◆ **ASSIGNMENT**: With pictures left out, return only the lines from the line containing "1997 Jeep Wrangler" through the end of the material below, both included.
DATA BLOCK Start Marker
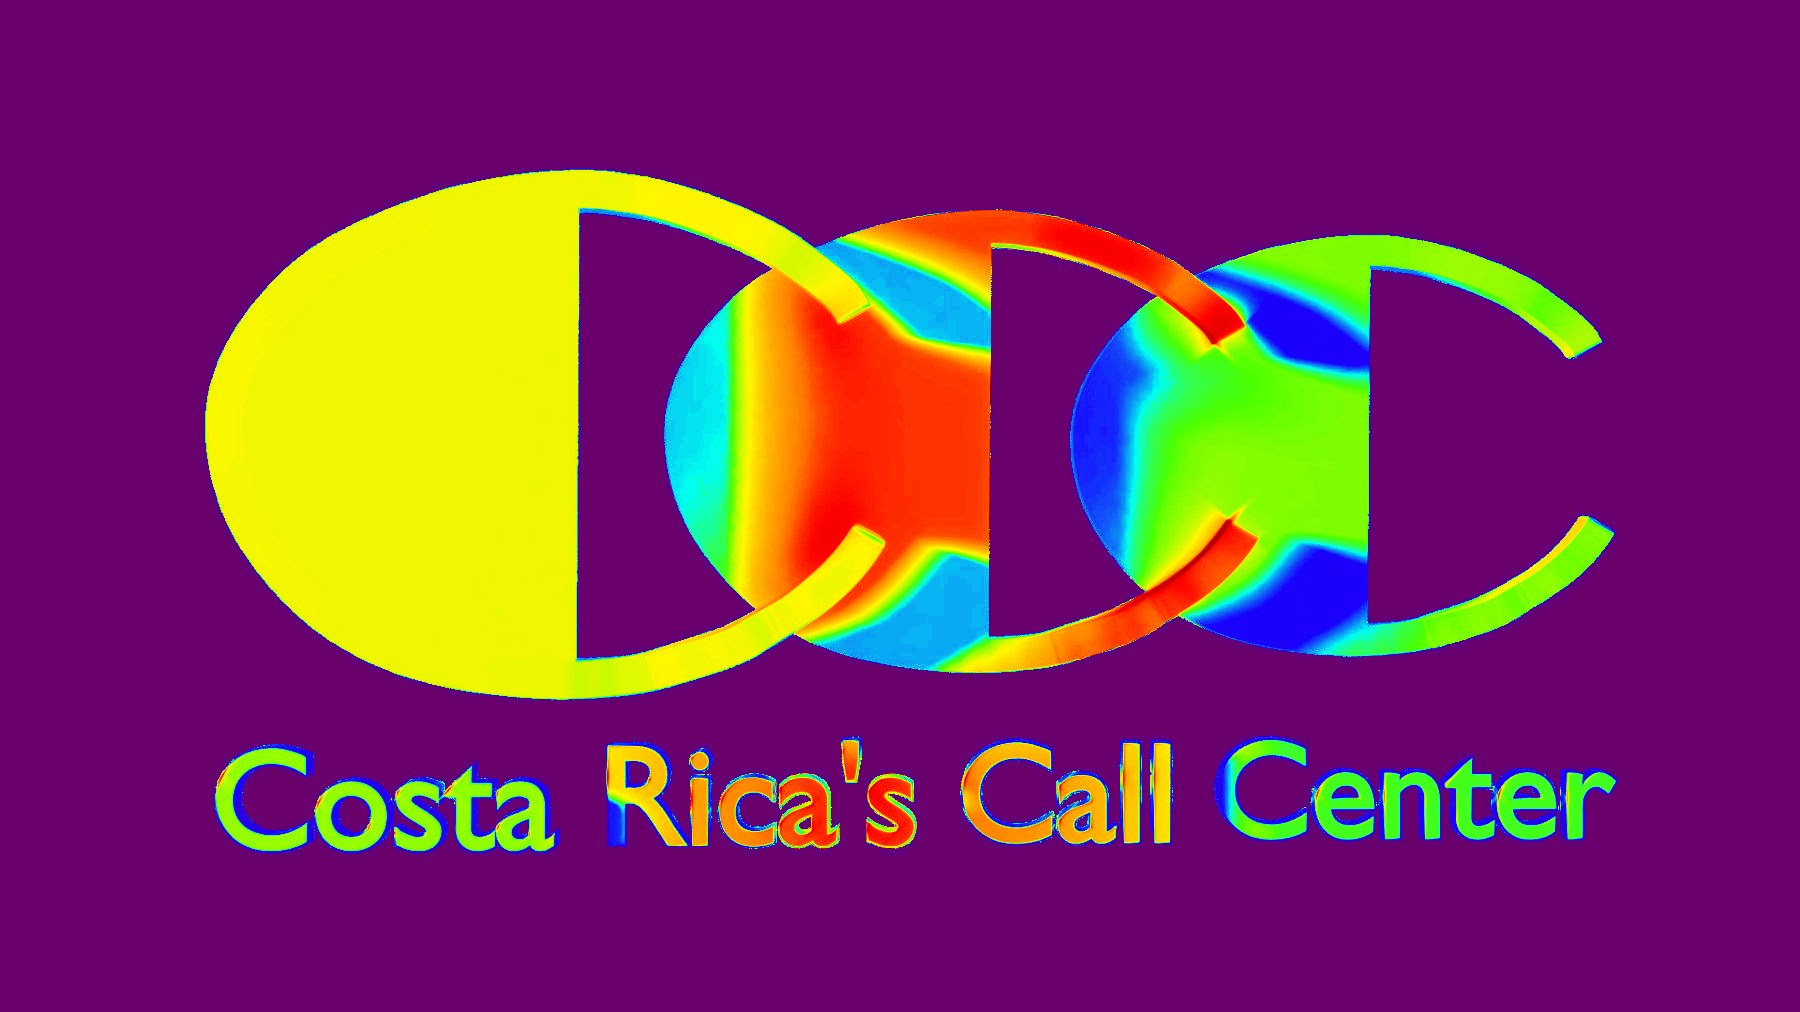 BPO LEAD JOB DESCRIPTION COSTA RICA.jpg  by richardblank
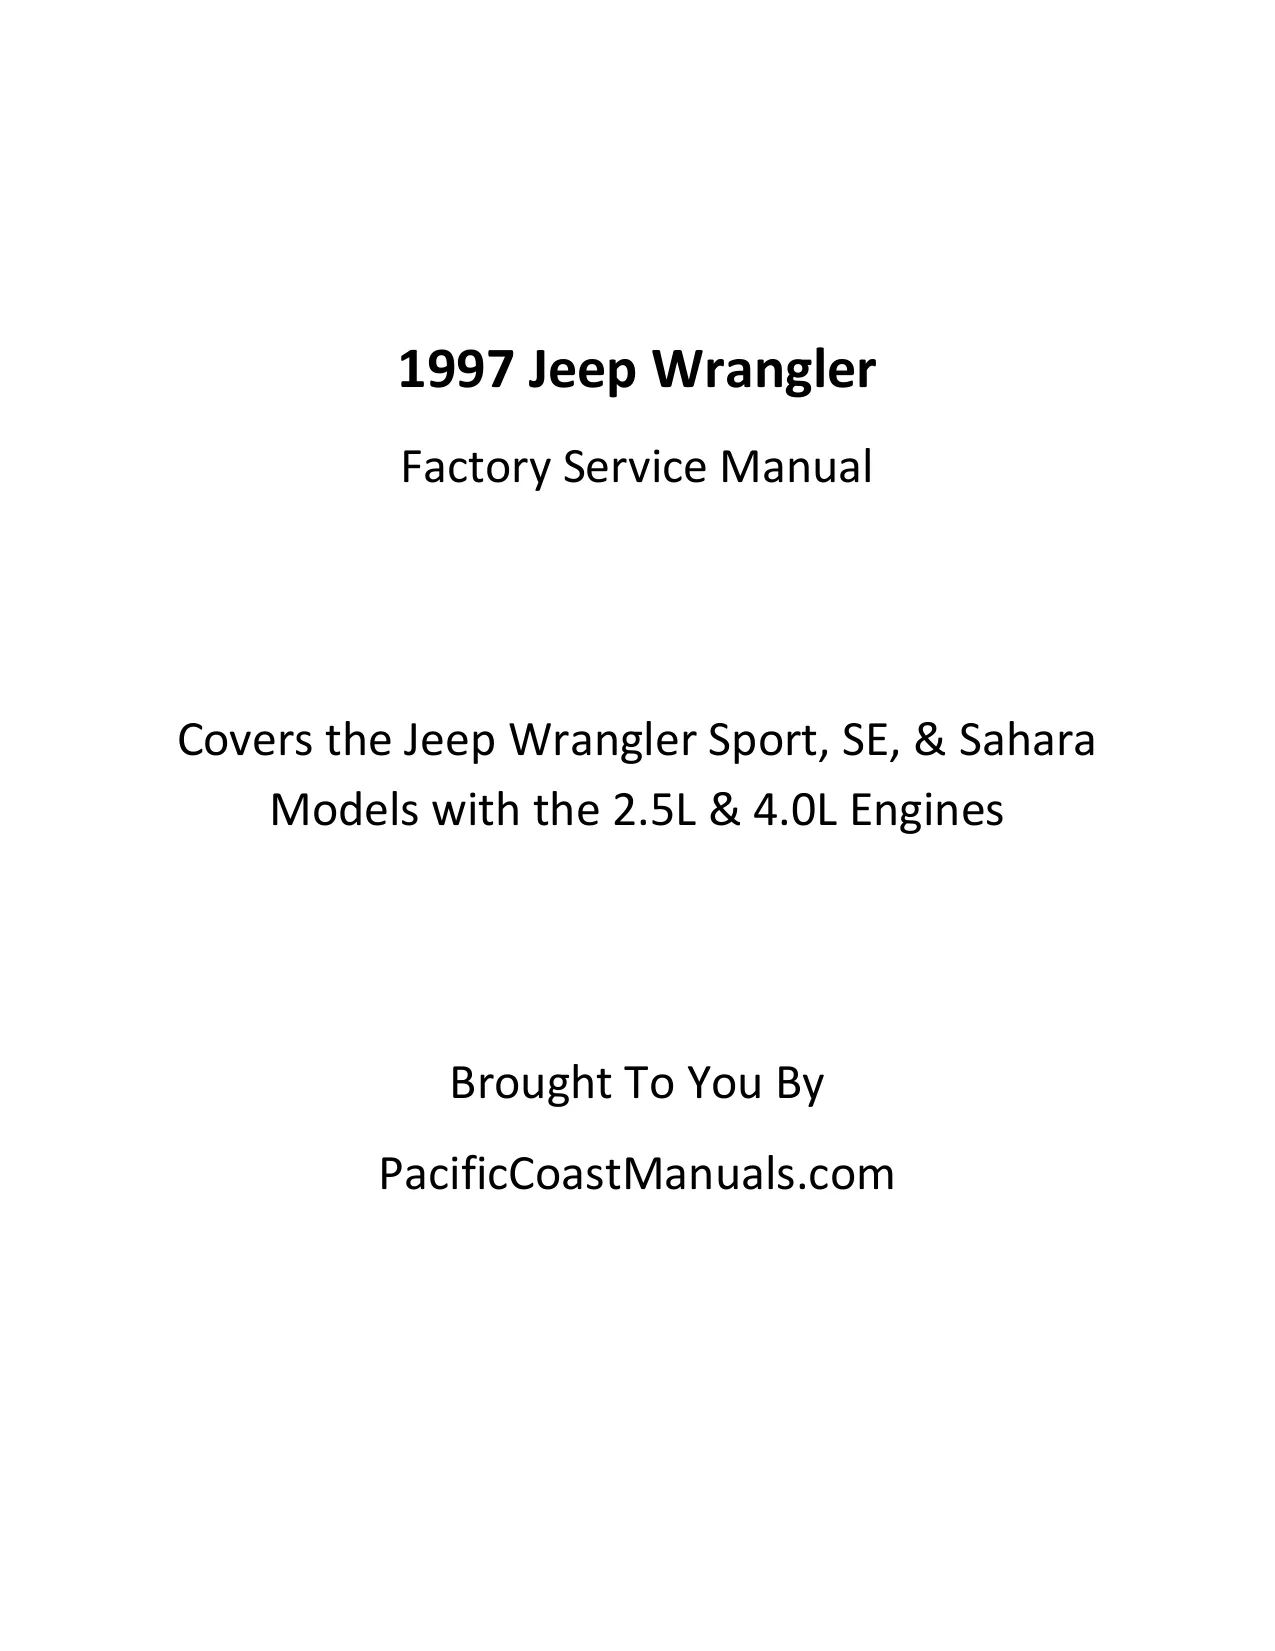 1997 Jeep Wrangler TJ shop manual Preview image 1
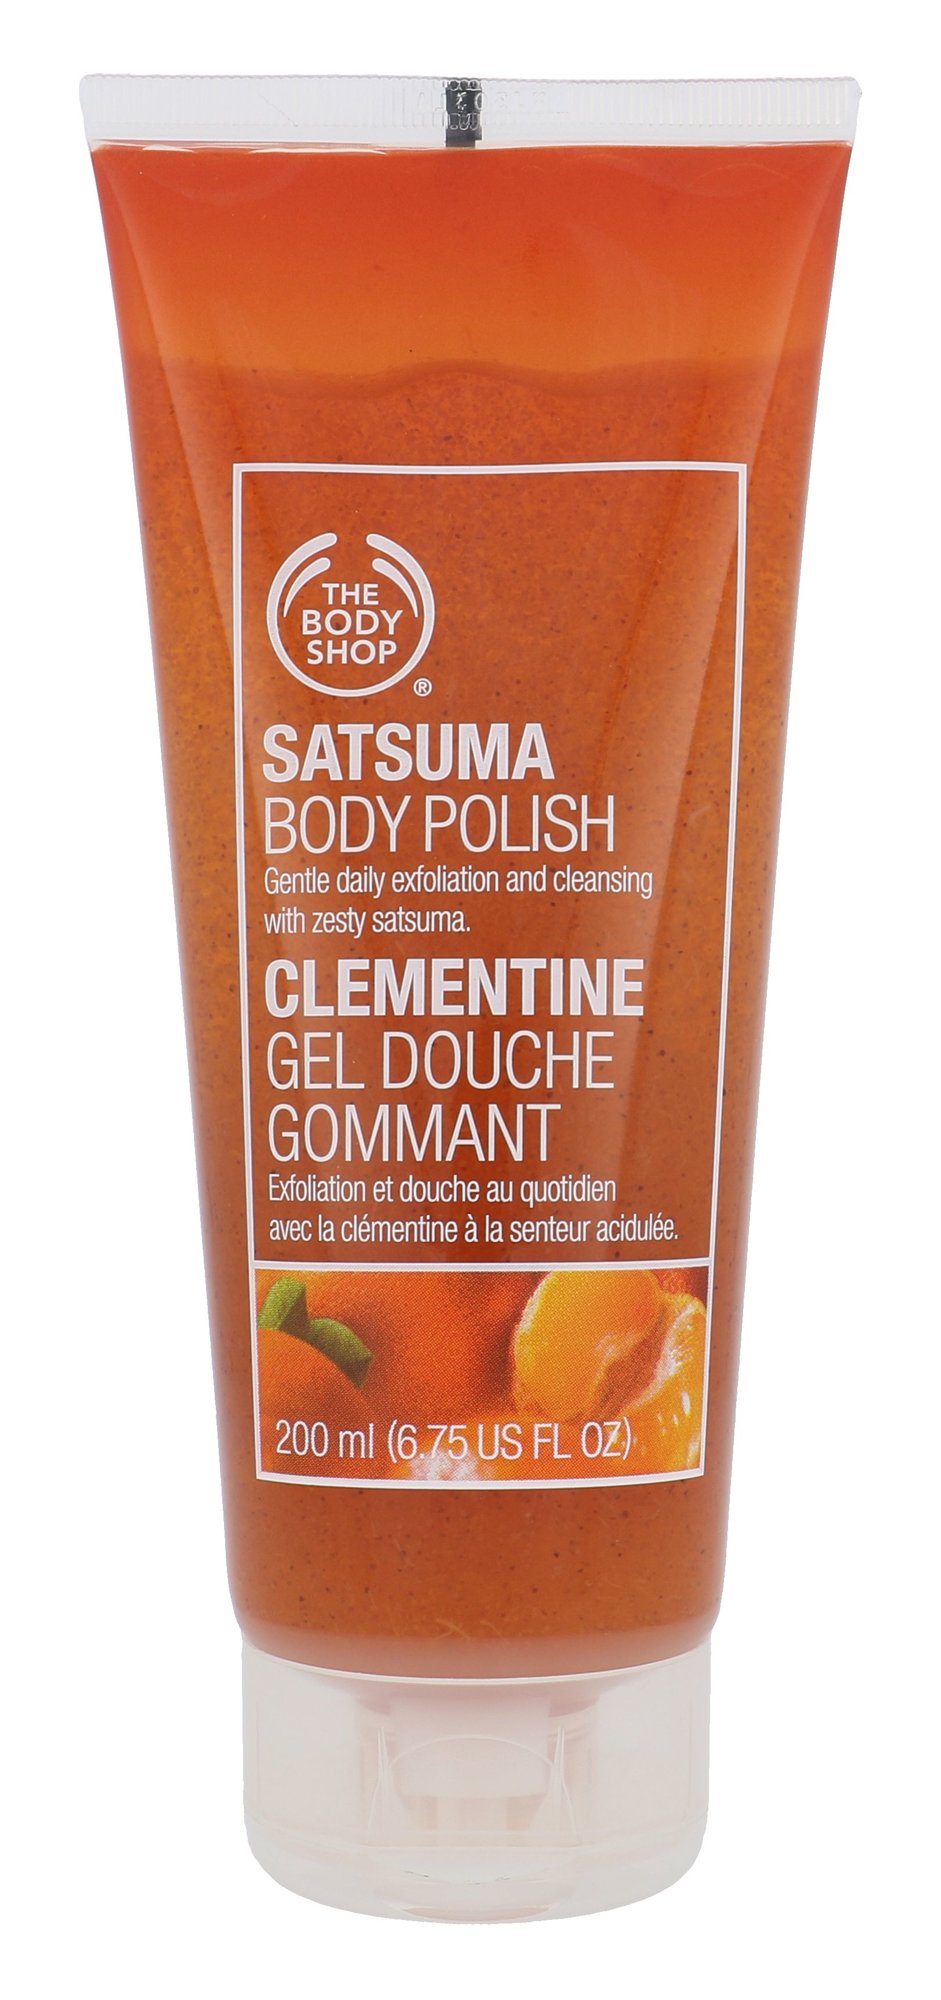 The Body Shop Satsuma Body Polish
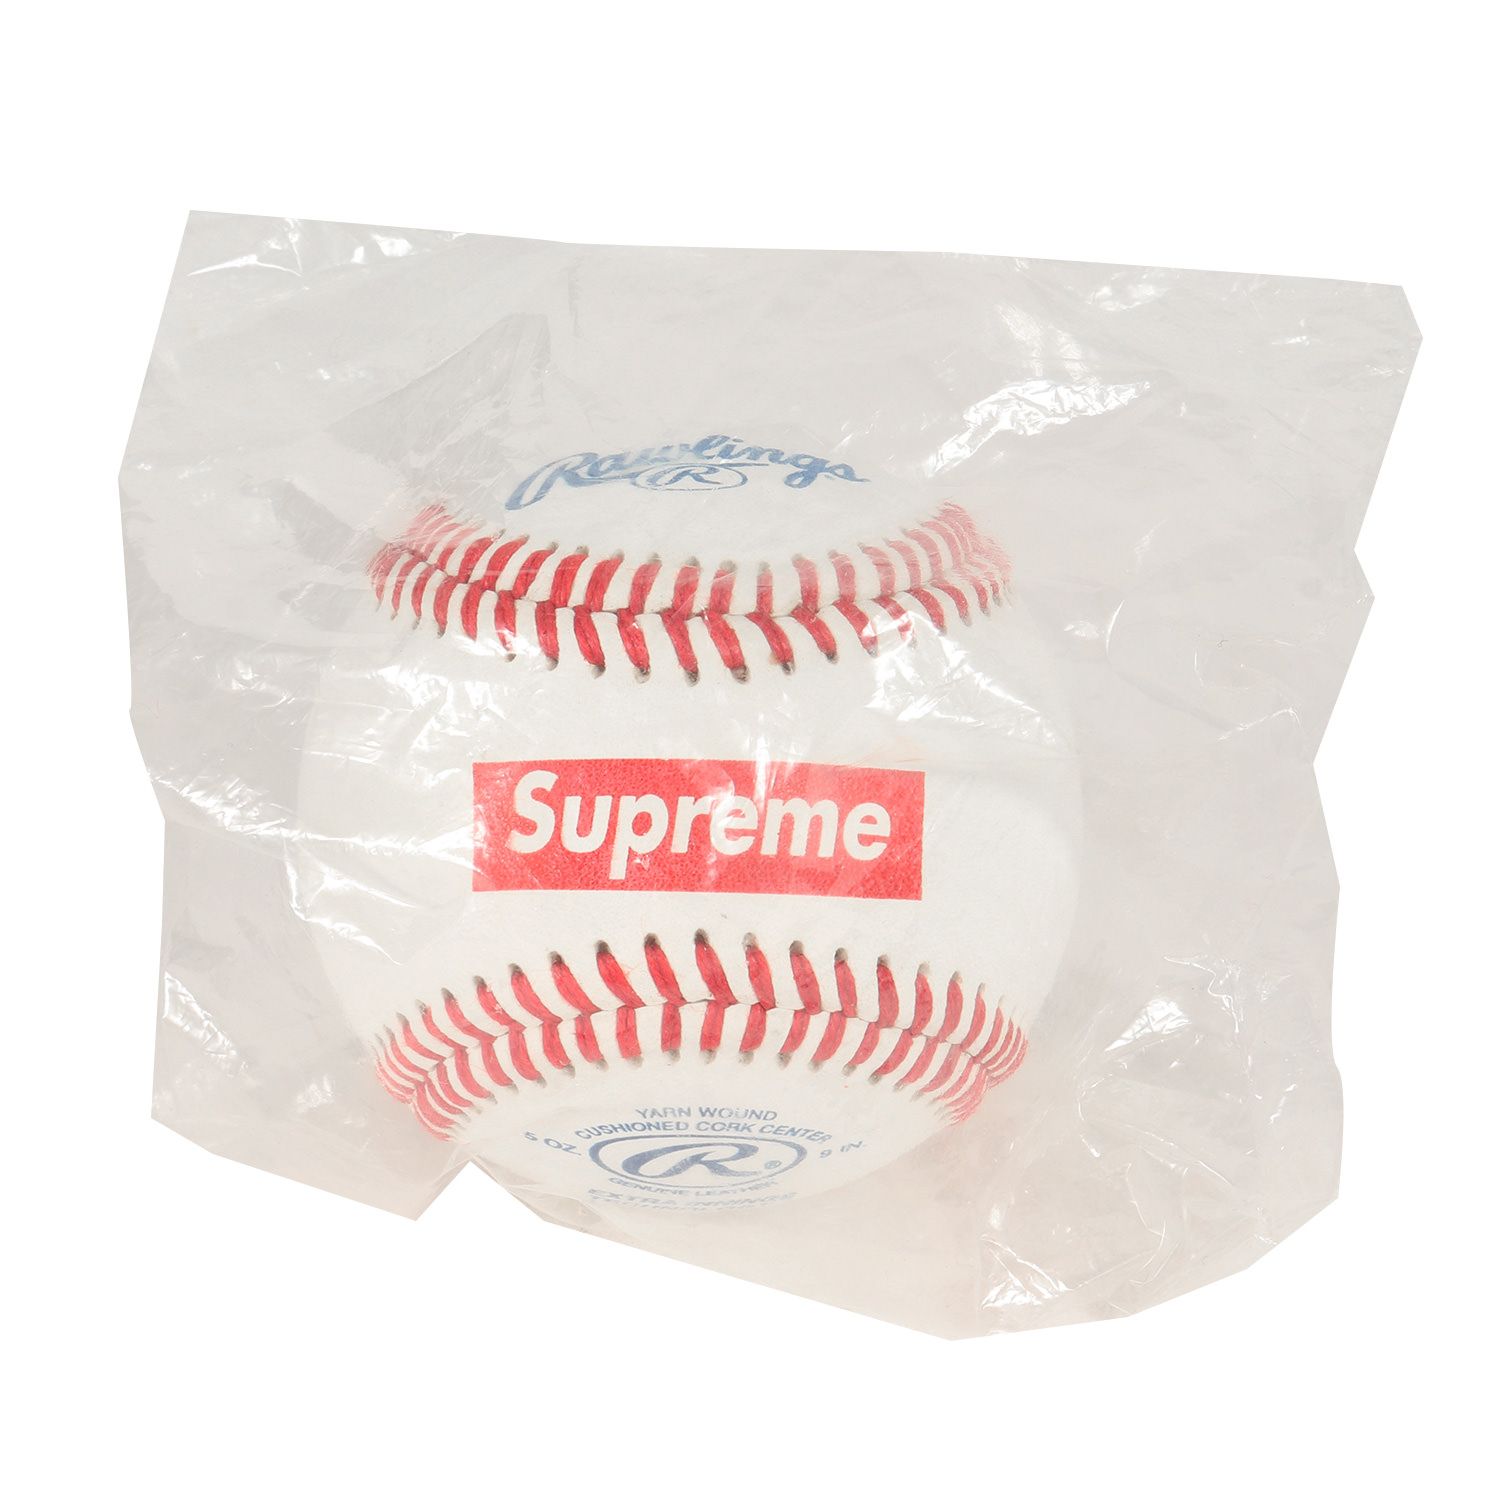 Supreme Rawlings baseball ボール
DATA BLOCK End Marker
◆ **ANSWER SPACE**:
 1997 Jeep Wrangler TJ shop manual Preview image 1
 The Body Shop Satsuma Body Polish
 Supreme Rawlings baseball ボール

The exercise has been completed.